▸ EXERCISE BRIEF:
In the listing below, find the line holding "1×4材をカットして木ビスを使って組み立てていきます。" and the line holding "これは先程作った2つのラダー部分をつなぐためと補強のための部材になります。". Write out those two lines and all lines between, exactly, and nothing more.

━━ DATA FOR PROCESSING

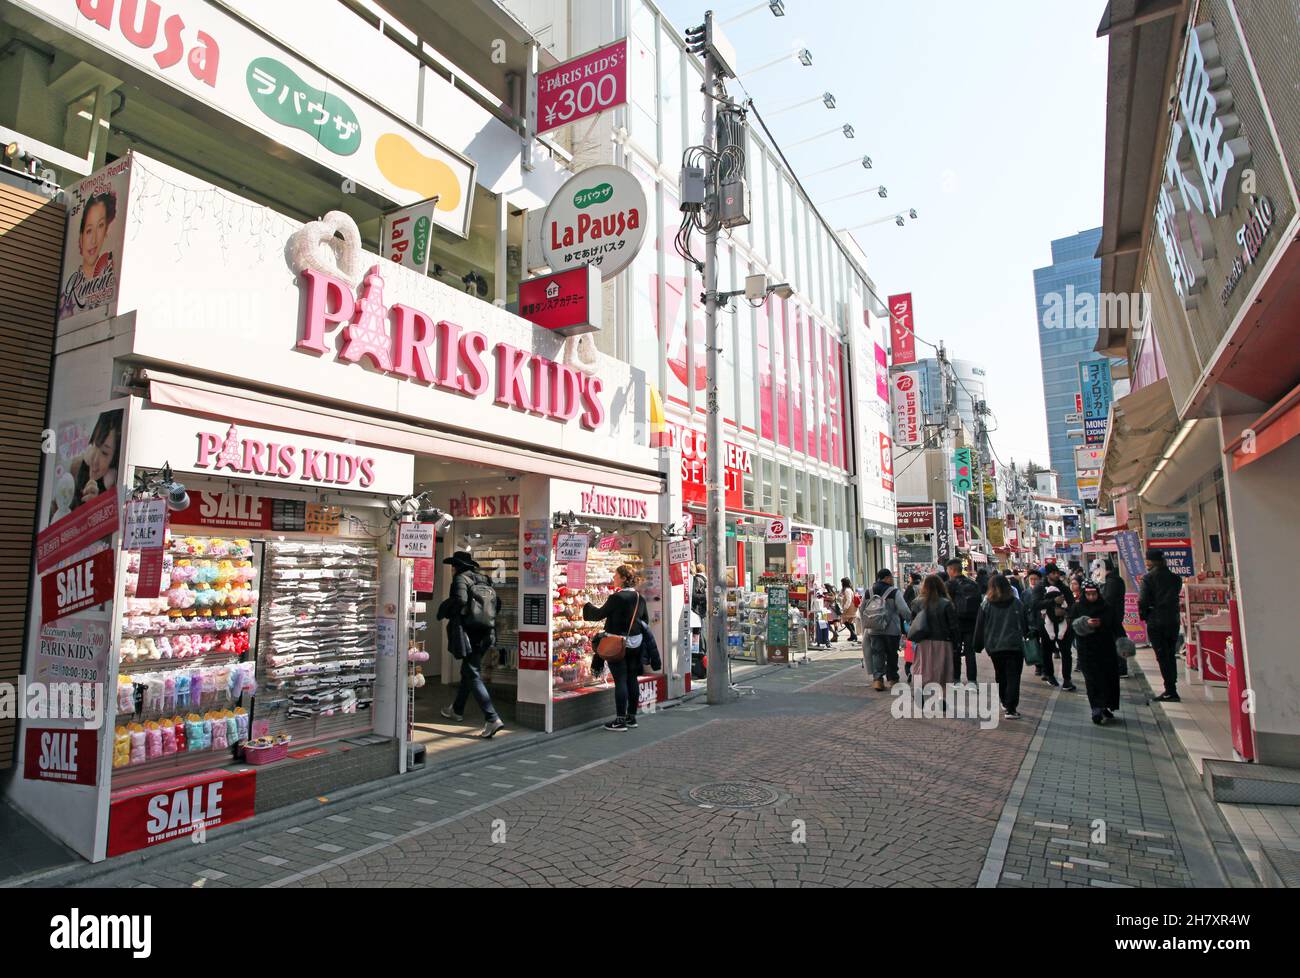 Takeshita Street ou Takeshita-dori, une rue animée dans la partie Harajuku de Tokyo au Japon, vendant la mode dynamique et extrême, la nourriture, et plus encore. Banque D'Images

━━━━
━━ DATA FOR PROCESSING

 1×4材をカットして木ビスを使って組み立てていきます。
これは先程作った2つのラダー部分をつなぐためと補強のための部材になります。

━━━━

▸ EXERCISE OUTPUT:
 1×4材をカットして木ビスを使って組み立てていきます。
これは先程作った2つのラダー部分をつなぐためと補強のための部材になります。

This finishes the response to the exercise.